Objective: We aimed to use unsupervised learning techniques on electronic health records (EHRs) from memory clinic patients to identify ADRD subtypes.
Methods: We used pretrained embeddings of non-ADRD diagnosis codes (International Classification of Diseases, Ninth Revision) and large language model (LLM)-derived embeddings of clinical notes from patient EHRs. Hierarchical clustering of these embeddings was used to identify ADRD subtypes. Clusters were characterized regarding their demographic and clinical features.

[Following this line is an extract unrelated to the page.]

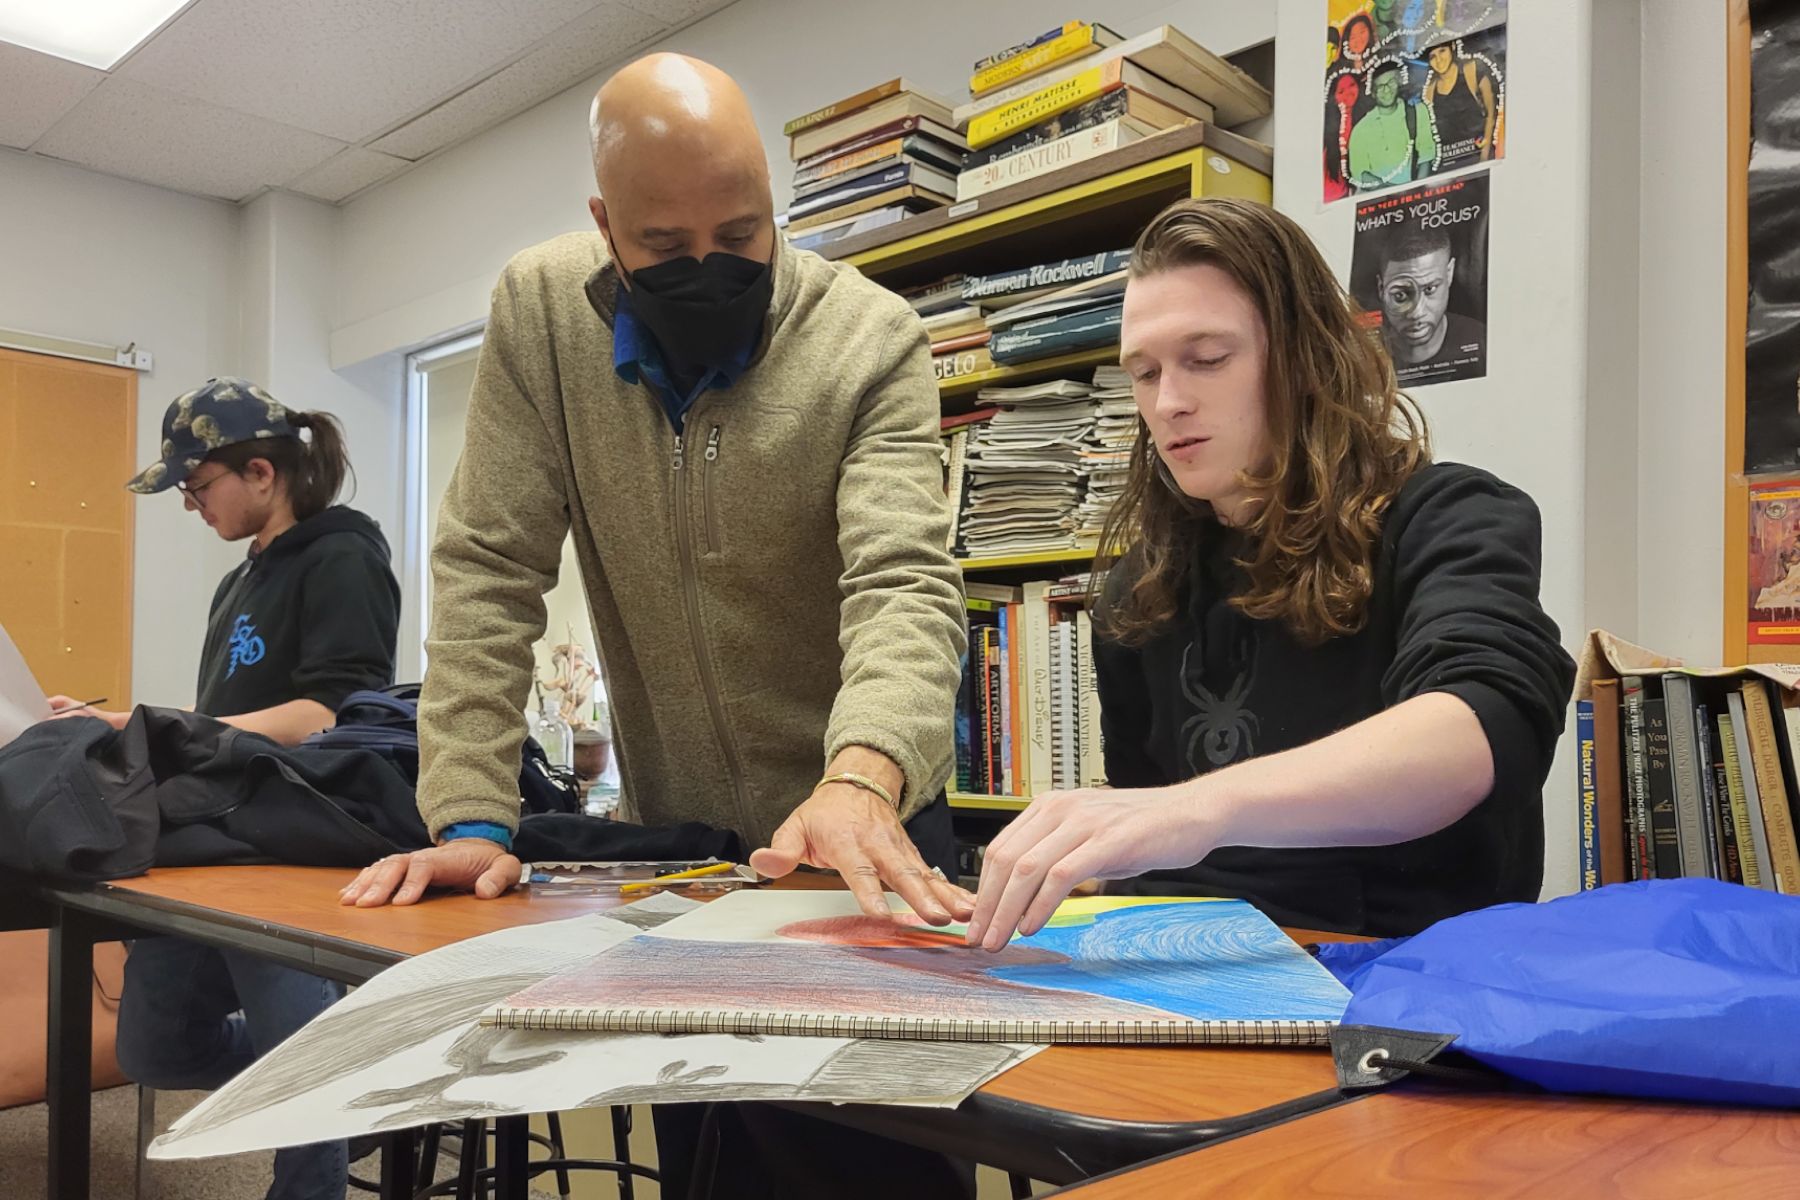 Stephen Tyson speaking with a student at art table as student works on a drawing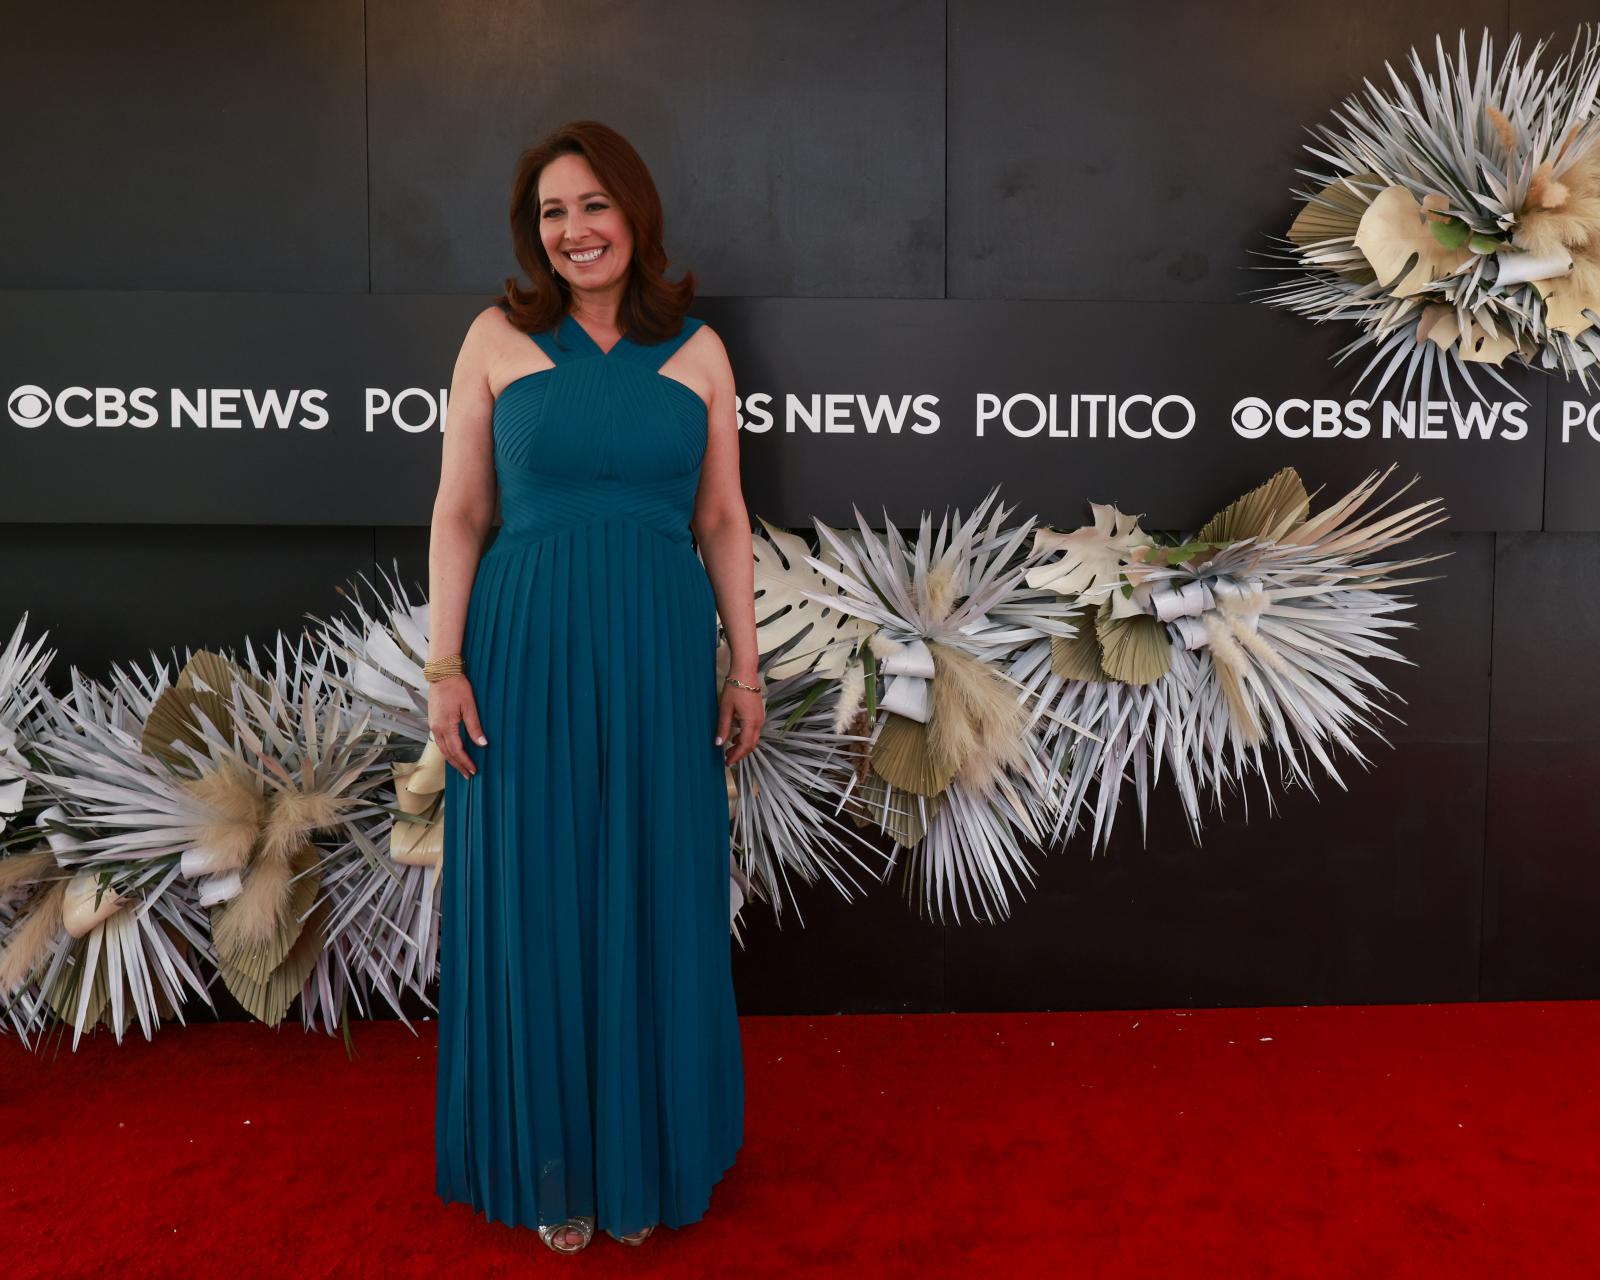 Image from Events - Nancy Cordes at the CBS News/POLITICO reception ahead of...

Results: We analyzed a cohort of 3454 patients with ADRD from a memory clinic at Massachusetts General Hospital, each with a specialist diagnosis. Clustering pretrained embeddings of the non-ADRD diagnosis codes in patient EHRs revealed the following 3 patient subtypes: one with skin conditions, another with psychiatric disorders and an earlier age of onset, and a third with diabetes complications. Similarly, using LLM-derived embeddings of clinical notes, we identified 3 subtypes of patients as follows: one with psychiatric manifestations and higher prevalence of female participants (prevalence ratio: 1.59), another with cardiovascular and motor problems and higher prevalence of male participants (prevalence ratio: 1.75), and a third one with geriatric health disorders. Notably, we observed significant overlap between clusters from both data modalities (χ24=89.4; P<.001).
Conclusions: By integrating International Classification of Diseases, Ninth Revision codes and LLM-derived embeddings, our analysis delineated 2 distinct ADRD subtypes with sex-specific comorbid and clinical presentations, offering insights for potential precision medicine approaches.